I know this may seem like a dumb question, I hold to the WCF, but I hold to believer's baptism also. I was glancing over the "Tabular Comparison" of the two, namely because I am a baptist and thought that maybe I would be more LBCF, but I see that the LBCF doe not hold to the reprobate being foreordained to eternal death. But at the same time there are things that the LBCF state that I whole heartedly agree with that the WCF does not state.

My question is can one hold to both without being in hypocrisy?


----------



## Notthemama1984 (May 28, 2011)

NO


----------



## PuritanCovenanter (May 28, 2011)

I appreciate both. There are things that are stated better in the WCF in my estimation. I am still a credo Baptist. So I believe there are things that are stated more biblically in the LBCF. Now as far as subscription to one or the other the answer the two do not have agreement concerning ecclesiology nor the sacrament (or ordinance) of baptism.


----------



## Edward (May 28, 2011)

NB3K said:


> Can one hold to both WCF & LBCF



Depends on what you mean by 'hold to'. One would need to take significant exceptions to each. Your views on the sacraments should certainly bar you from holding office in a Presbyterian church, and would bar you from membership in some. One certainly couldn't subscribe to both at the same time.


----------



## NB3K (May 28, 2011)

Chaplainintraining said:


> NO



But it is acceptable for one to hold believer's baptisim and at the same time ascribe to the WCF as I have done.


----------



## Notthemama1984 (May 28, 2011)

NB3K said:


> Chaplainintraining said:
> 
> 
> > NO
> ...


 
You can believe whatever you want, but that does not mean you subscribe to anything.


----------



## JonathanHunt (May 28, 2011)

You don't subscribe to the WCF. Unless the expression has the meaning 'I agree with some of the WCF'. Which it doesn't!

Don't worry about it, though.

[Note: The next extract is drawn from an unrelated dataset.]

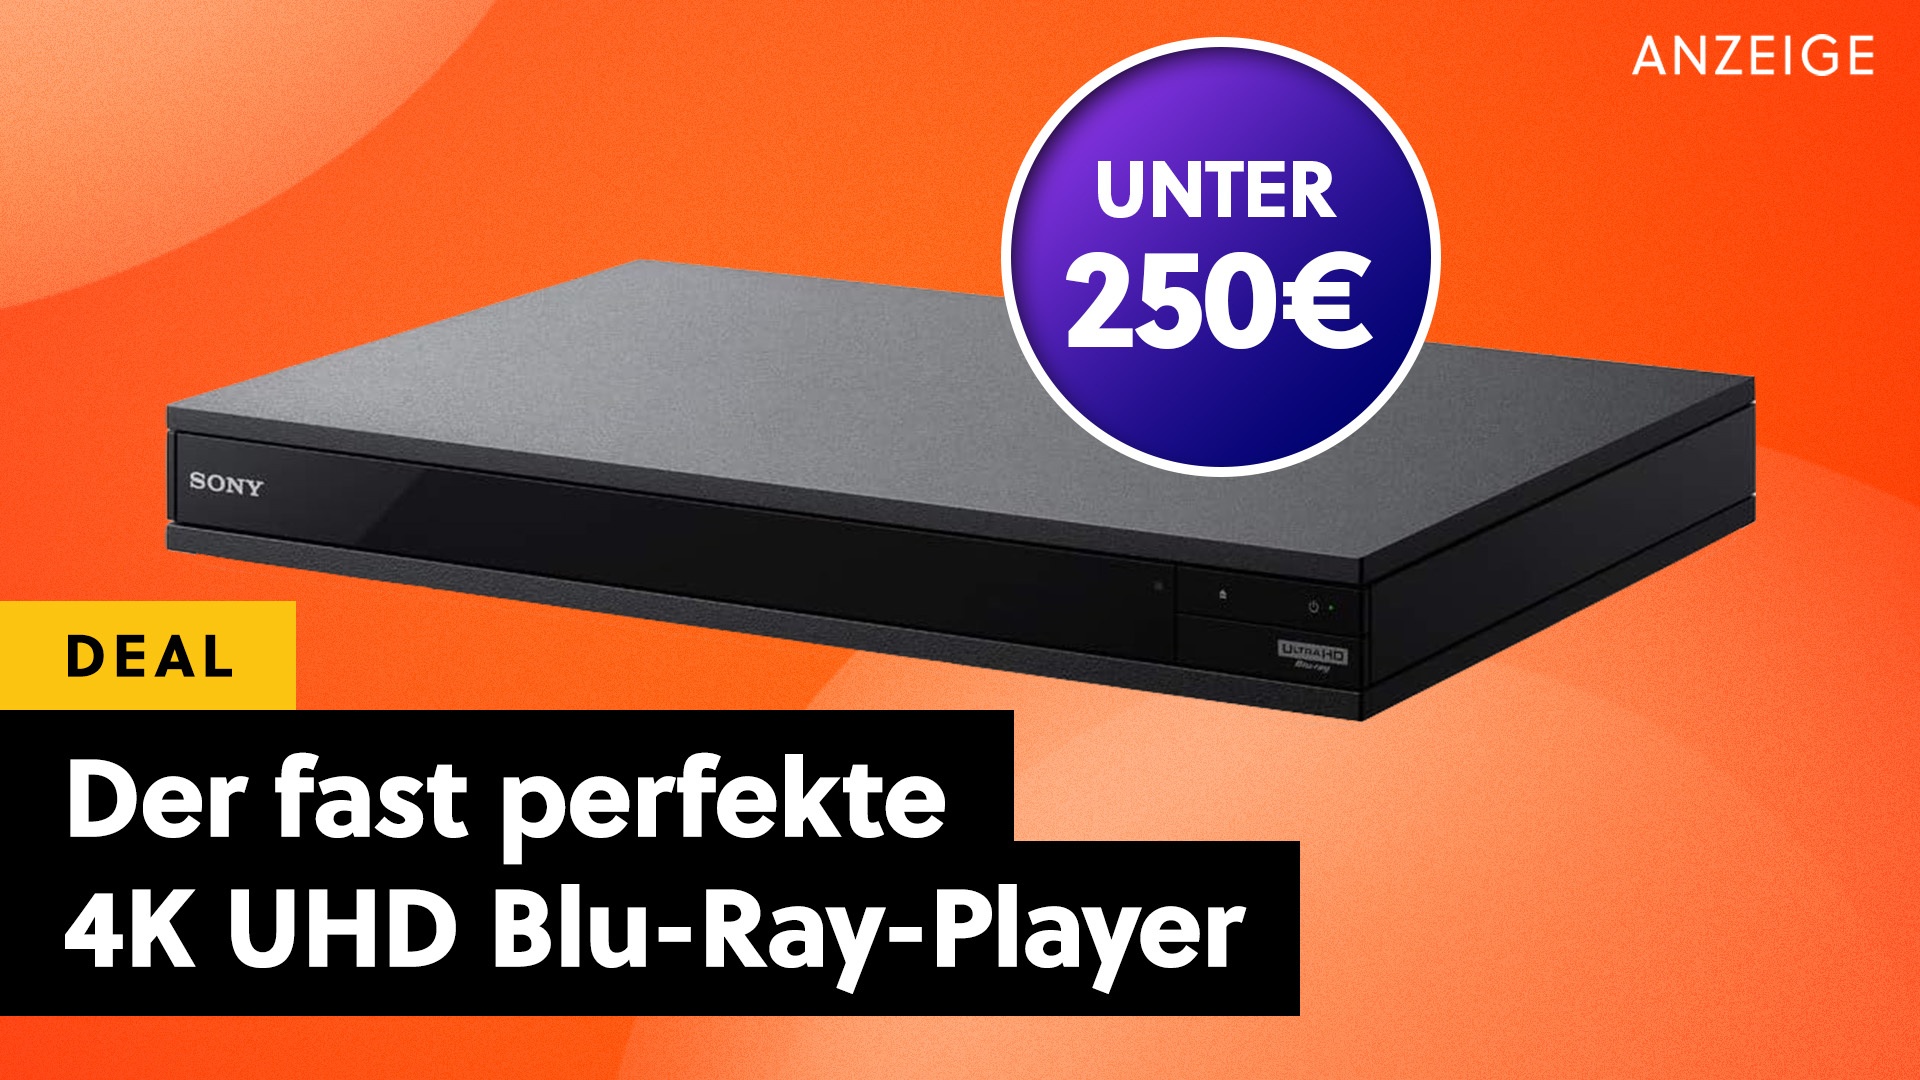 Der beste 4K UHD Blu-Ray-Player mit Dolby Vision und HDR, für den ihr keine Niere verkaufen müsst
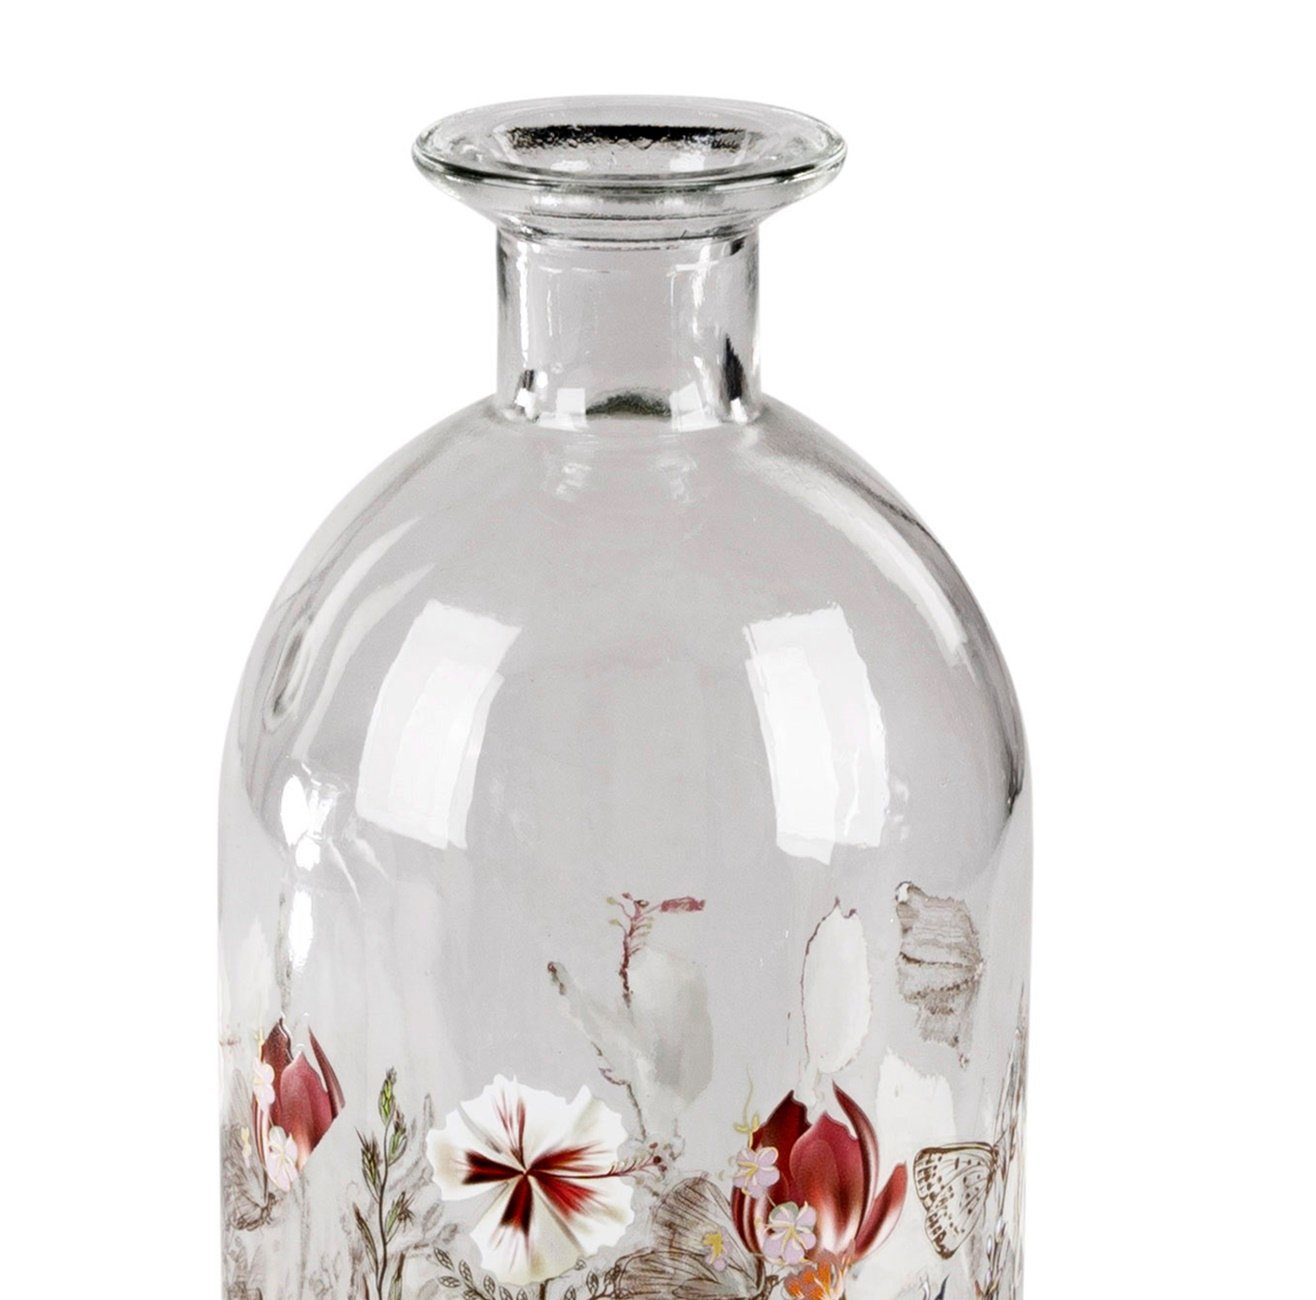 dekojohnson Dekovase Deko-Vase-Flasche Glasvase Blumenvase (Keines) 26cm

I would recommend that you, as a credobaptist, subscribe to the LBCF and leave it there. You may appreciate some sections of the WCF and hold to them, but you can't 'subscribe' to it.


----------



## Pilgrim (May 28, 2011)

No. 

You cannot hold to believers baptism (or antipaedobaptism as Joshua would prefer it to be termed) and subscribe to the WCF. Indeed, the WCF says at 28.5 that to neglect or "contemn" baptism is a "great sin." The term baptism ("this ordinance") there includes infant baptism. Did that part perhaps escape your notice? 

I suppose you could pick and choose selections from the WCF, the 1689, the Savoy and any other confession and make your own. But at that point it would be your confession and not one of the historic confessions. I have known some Baptists who have cobbled together their own confession by coming up with some of their own material and using parts of other confessions or statements of faith. 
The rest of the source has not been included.